Maka, revitalisasi dan rekontekstualisasi semangat para pendahulu diperlukan, yakni menghidupkan lagi semangat juang Boedi Oetomo yang hampir tak dimiliki para pemimpin sesudahnya dan mengontekstualkan semangat yang dulu dengan pemaknaan baru yang lebih mendalam. Di sinilah pentingnya berbicara kepemimpinan ideal.
Bahwa memimpin (a) tak hanya kuat secara kategoris, tetapi juga (b) kuat secara prinsipiil dalam semangat pelayanan dan pengorbanan, serta (c) berkomitmen pada kemaslahatan bangsa, bukan kepentingan parsial.
Selain itu, memimpin juga perlu kesadaran (a) menarik jarak antara the power in itself dan diri pelaku agar tak terjadi abuse of power; (b) menghargai kekuasaan sebagai milik rakyat, yang dipercaya sementara waktu dan demi kebaikan umum, bukan untuk disewenang-wenangkan, apalagi dipertahankan selamanya.
Implikasinya, saat elite gagal memimpin, kontingensi harus diberikan kepada mereka yang berpotensi dan berkomitmen mendorong perubahan. Inilah yang dinamakan keikhlasan. Bahwa berdemokrasi butuh keikhlasan, termasuk ikhlas melepas kuasa bila itu jalan untuk perubahan (yang gagal ikhlas mundur, yang kalah berjiwa besar).
Jika semua elite memiliki kesadaran moral ini, kita tidak perlu menyaksikan kampanye saling hujat, perang setelah kalah pilkada, konflik horizontal terkait mobilisasi politik, atau kekerasan menjelang pemilu.
Dalam bahasa lain, pemimpin ideal mesti memiliki kesadaran moral tentang kekuasaan sebagai alat melayani orang banyak, bukan sumber daya untuk merampas hak orang lain (baca: rakyat). Lalu, siapa pemimpin ideal itu?
Selama ini, para elite berbicara perubahan, bahkan disputasi tua-muda berkisar pada siapa pantas dan bagaimana cara melakukan perubahan. Disputasi macam ini sia-sia. Sekalipun yang muda berkualitas, sistem politik belum memberi ruang untuk mengekspresikan seluruh potensi secara leluasa dan optimal. Sebagian yang muda terpaksa berjejal di pintu partai politik lama, antre dengan (di belakang?) yang tua. Kita sadar, strategi ini sulit efektif, kecuali yang muda mengambil kendali internal partai.
Sys NS sempat berinovasi melalui Negara Kesatuan Republik Indonesia (NKRI). Partai kaum muda ini tak lolos verifikasi Komisi Pemilihan Umum.
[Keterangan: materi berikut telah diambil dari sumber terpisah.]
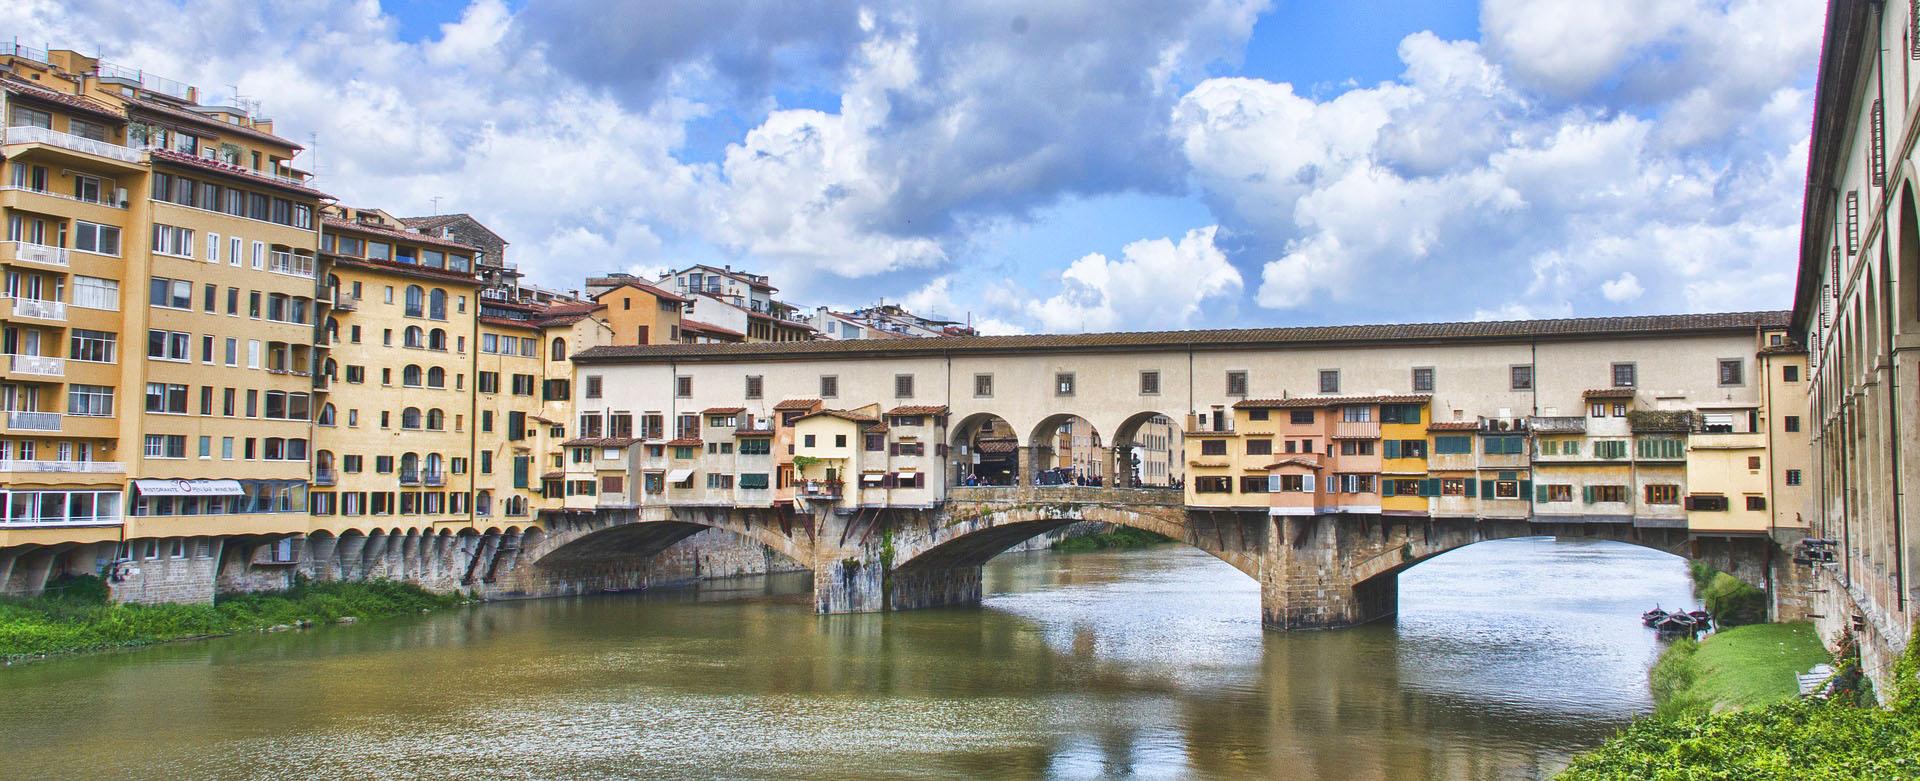 Toscana Italy Firenze Ponte Vecchio

Budiman Sudjatmiko membangun Partai Rakyat Demokratik (PRD), tetapi gagal, lalu berpaling ke PDI-P. Langkah Budiman disusul Adian Napitupulu dari Forum Kota (Forkot).
Bergabung dengan partai lama ketimbang membentuk partai baru kini menjadi ”gerakan baru” di kalangan para mantan aktivis. Muncul Barita Simanjuntak (GMKI), Fitus Morin (GMNI), David Pajung (PMKRI), Syaiful Bachri (PMII), Nusron Wahid (PMII), Ratu Dian Latifah (IPPNU), dan Dolly Kurniawan (HMI) dalam bursa Caleg 2009.
Secara positif, keterlibatan aktivis muda dalam parpol dibaca sebagai upaya membenahi politik. Namun, jika kehadiran kaum muda tak mengubah paradigma konvensional di tubuh partai yang menyakralkan kekuasaan, boleh jadi yang muda pun bakal mendaur ulang nilai politik lama.